I don’t know what to do with this rage either. I mean I get the social pressures etc, except why is it that we’re the ones who have to say something? When the reactions to us can be so much more hostile and aggressive? I mean sure you might be called a ‘pussy’ but you can’t deal with that? I struggle to figure out how to negotiate it, I feel sad when the rage becomes anger at actual people, men I know and love. I worry that it’s not ‘fair’ to them. They’re good guys, they do say things sometimes. But all I can say is that while it might not seem ‘fair’, it’s more unfair to know it’s real, to see that it’s real, to feel lost yourself about how to deal with it, to continue to engage in those sorts of stories, to laugh along, to know it’s problematic, and to see it’s causing actual confusion and pain and expect me to stay silent about how I feel. The world IS horrible to women, the oppression of women IS real, ‘over there’ and over here. We don’t live in an equal world. And then we have to eat a shit sandwich every time a new ‘bromance’ movie comes out because we’re expected to laugh along at how we oppress by virtue of being, how we don’t really exist as people to men, how we’re typed and classified and ignored and derided, and treated like SHIT again and again. I mean really. Wow.
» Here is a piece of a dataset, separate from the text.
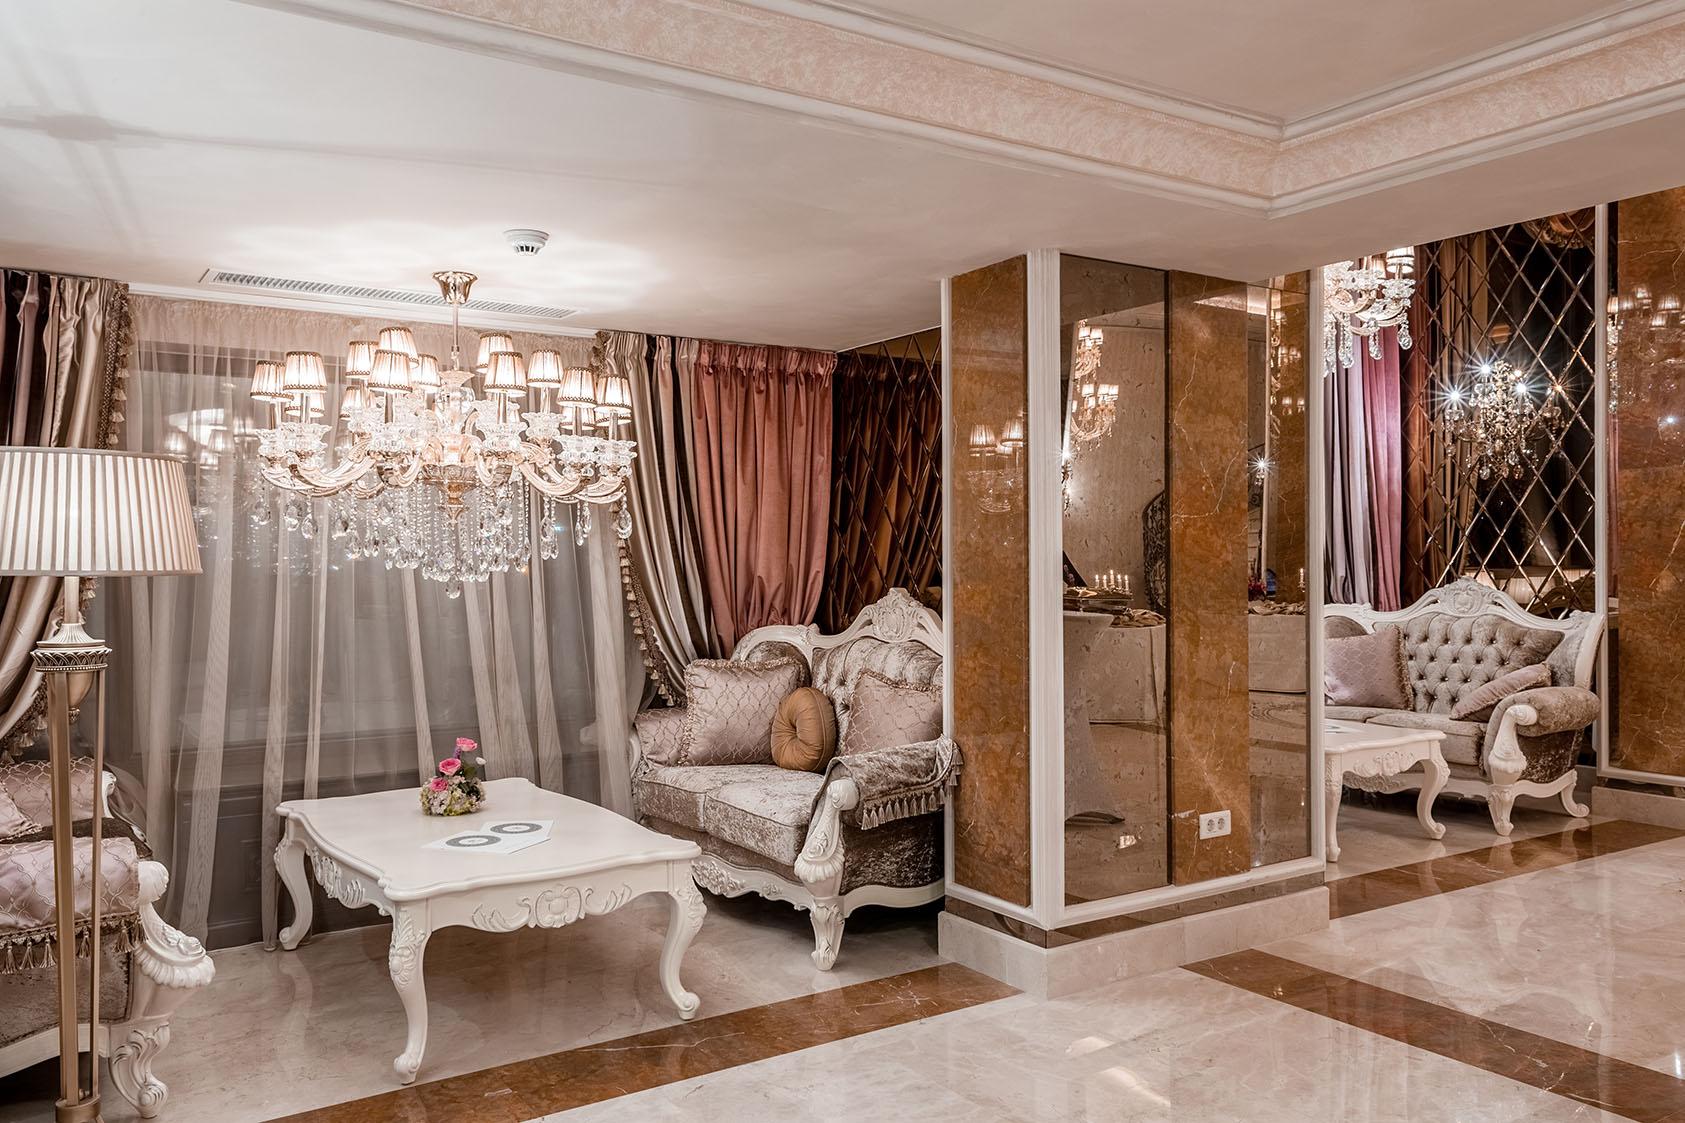 Masha Verhoogt, design de interior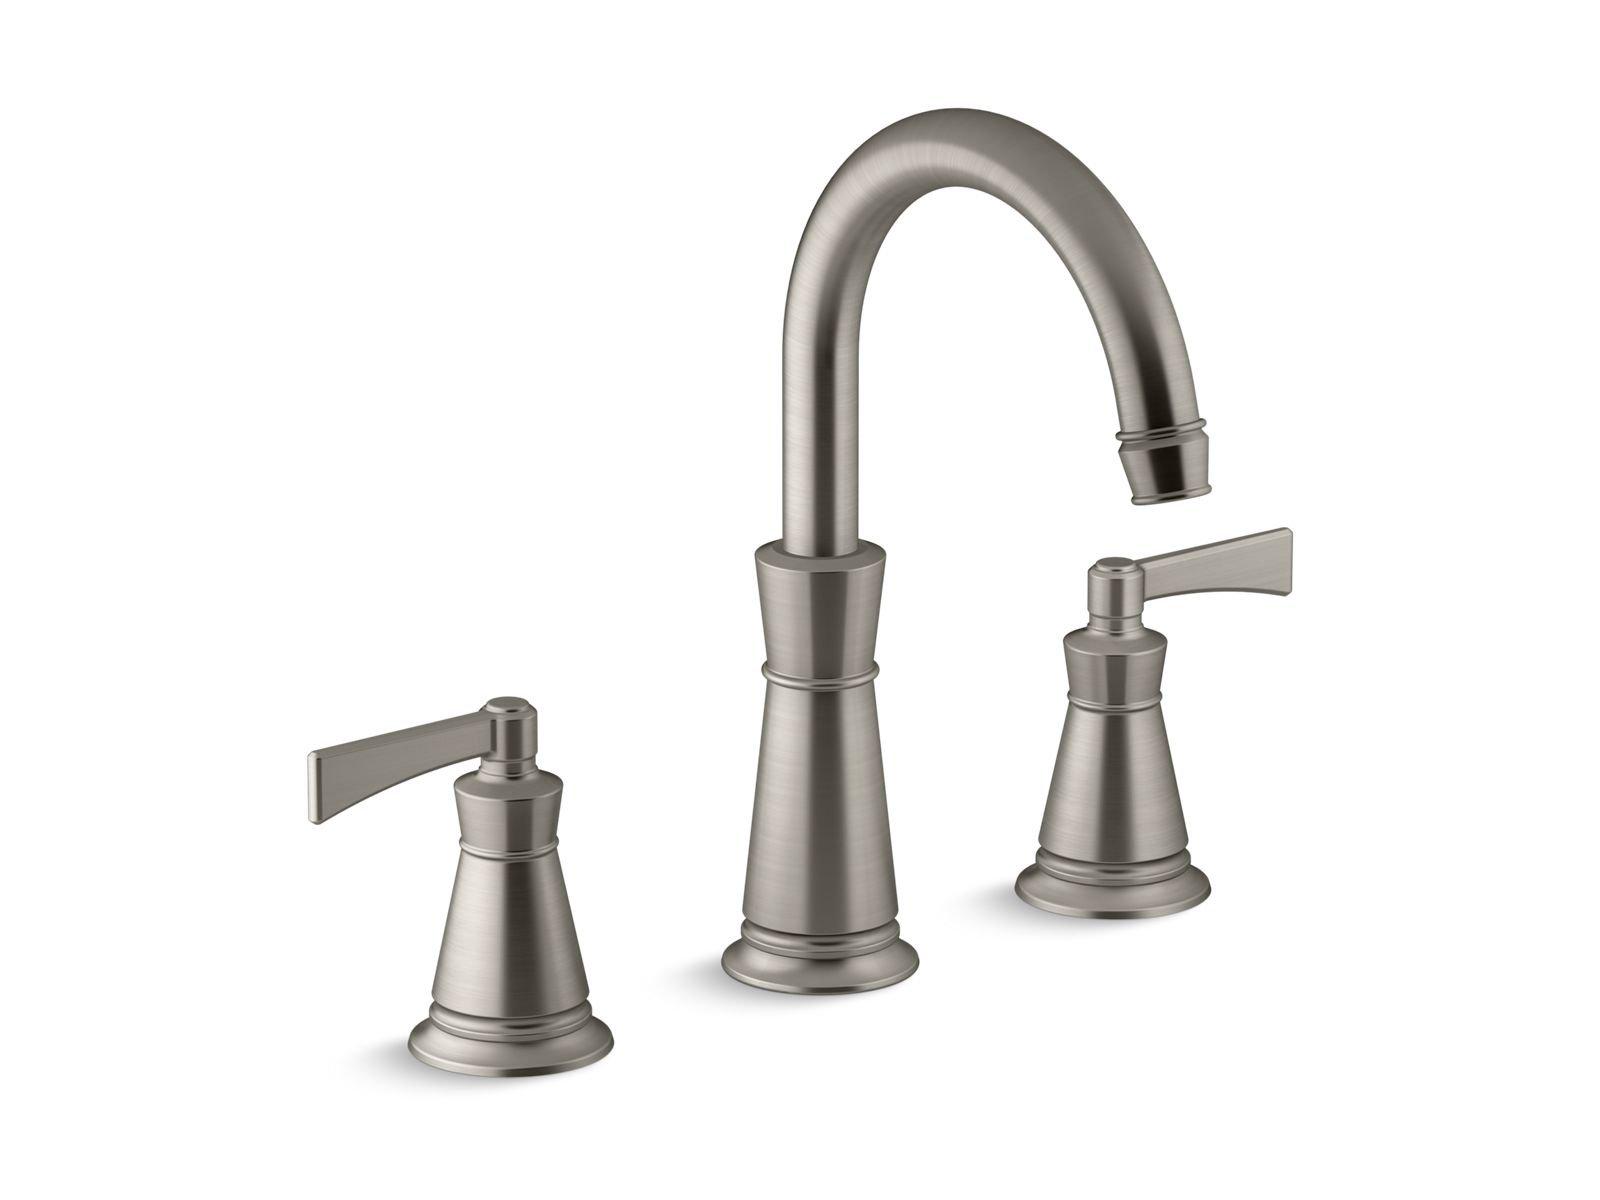 Kohler K-T45849-4-BN Archer Deck-Mount Bath Faucet Trim in Vibrant Brushed Nickel

So when the rage gets too much and I want to demand answers from specific men and they’re frightened? All I can say is I’m frightened all the time – I live in a world where my chances of getting raped are statistically the same as men’s chances of being raped in jail…I live every day with the fear that you would live with if you were put in jail tonight. It may not be fair to turn it back on you and say ‘I’m angry and what are you doing’ but it’s all I’ve got, it’s how I feel at times and to expect me not to ever talk about it seems to play back into these stupid movies ideas about women: good women shut the fuck up and make everything always completely comfortable for the men in their life.
At least if I air it I know I haven’t shut my mouth so that I get seen as the ‘unusual’ good girl, the easy woman, the ‘exception’ to the rule.